Granted, there are a lot of related industries that do offer guests this
privilege: theater/opera tickets, tables at fancy restaurants, luxury car
rentals, etc. But these are usually luxury offerings, where they can afford to
charge more (and charge premiums based on your selection) to offset the
greater cost of management.

------
User9812
That seems like a good idea, and I could see hotel visitors wanting to select
a room overlooking the parking lot (to watch a vehicle), or wanting to be on a
particular side of the building (avoiding highway noise), etc. People have all
sorts of little preferences, so I think that feature would get a lot of use.
They also like being familiar with a room, so I could see them booking the
identical one on their next trip.

Since we're talking about hotels, I think the business in general has a lot of
faults. I get more perks at a $10 per night hostel or $50/night Airbnb
apartment, than I do at a $300 per night hotel.

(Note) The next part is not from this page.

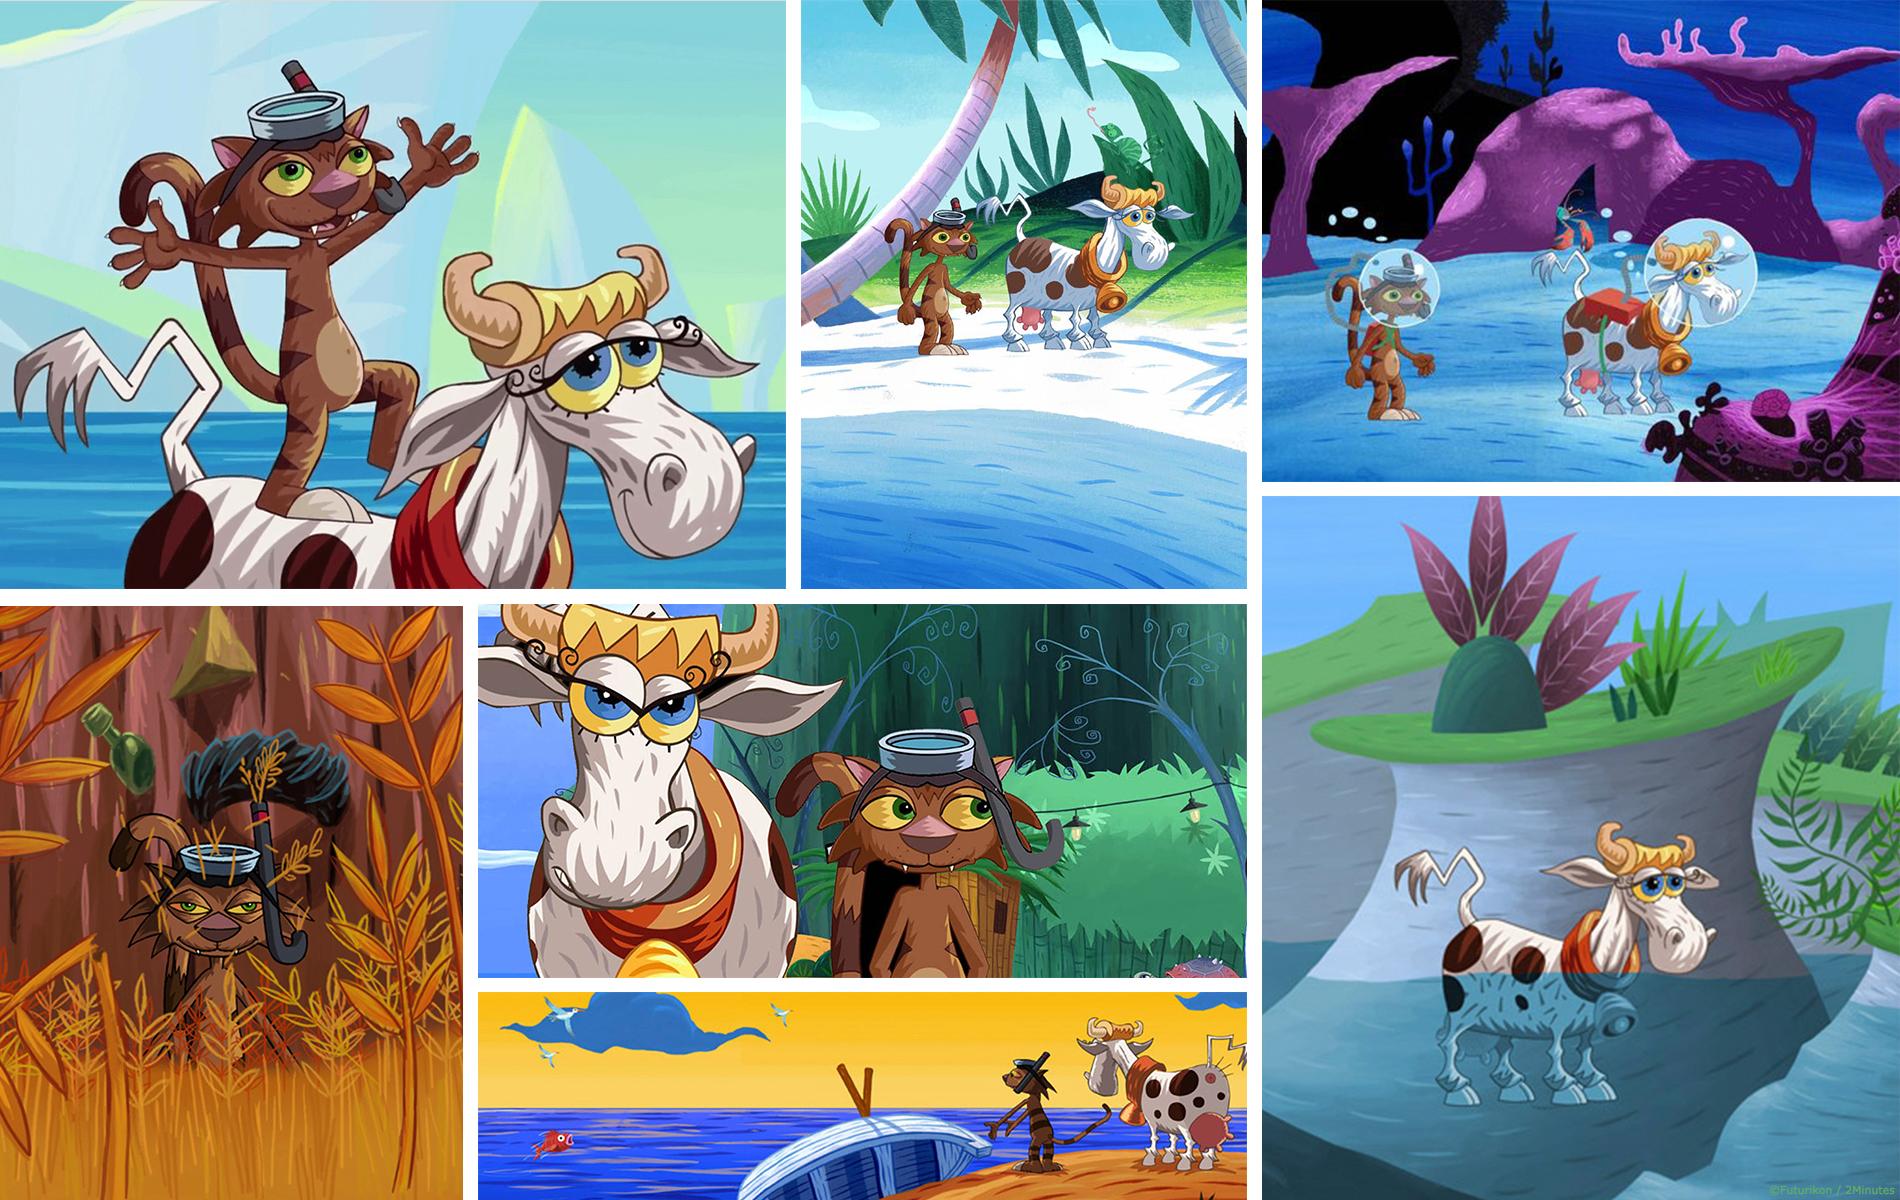 La vache, le chat et l'ocean - Animation, compositing par 2 minutes

When you book a hotel for $300 per night, they nickel and dime you for
everything. Wifi? You'll need to register for it at the front desk, and pay
$20 per day. Oh, want a bottle of water, or small snack, that's another $10.
That hostel, or cheap-o hotel will give you free wifi. I'd say half of the
Airbnb places I've stayed at left beer or a bottle of wine in the fridge, and
a few places had a giant fresh platter of fruit on the kitchen table.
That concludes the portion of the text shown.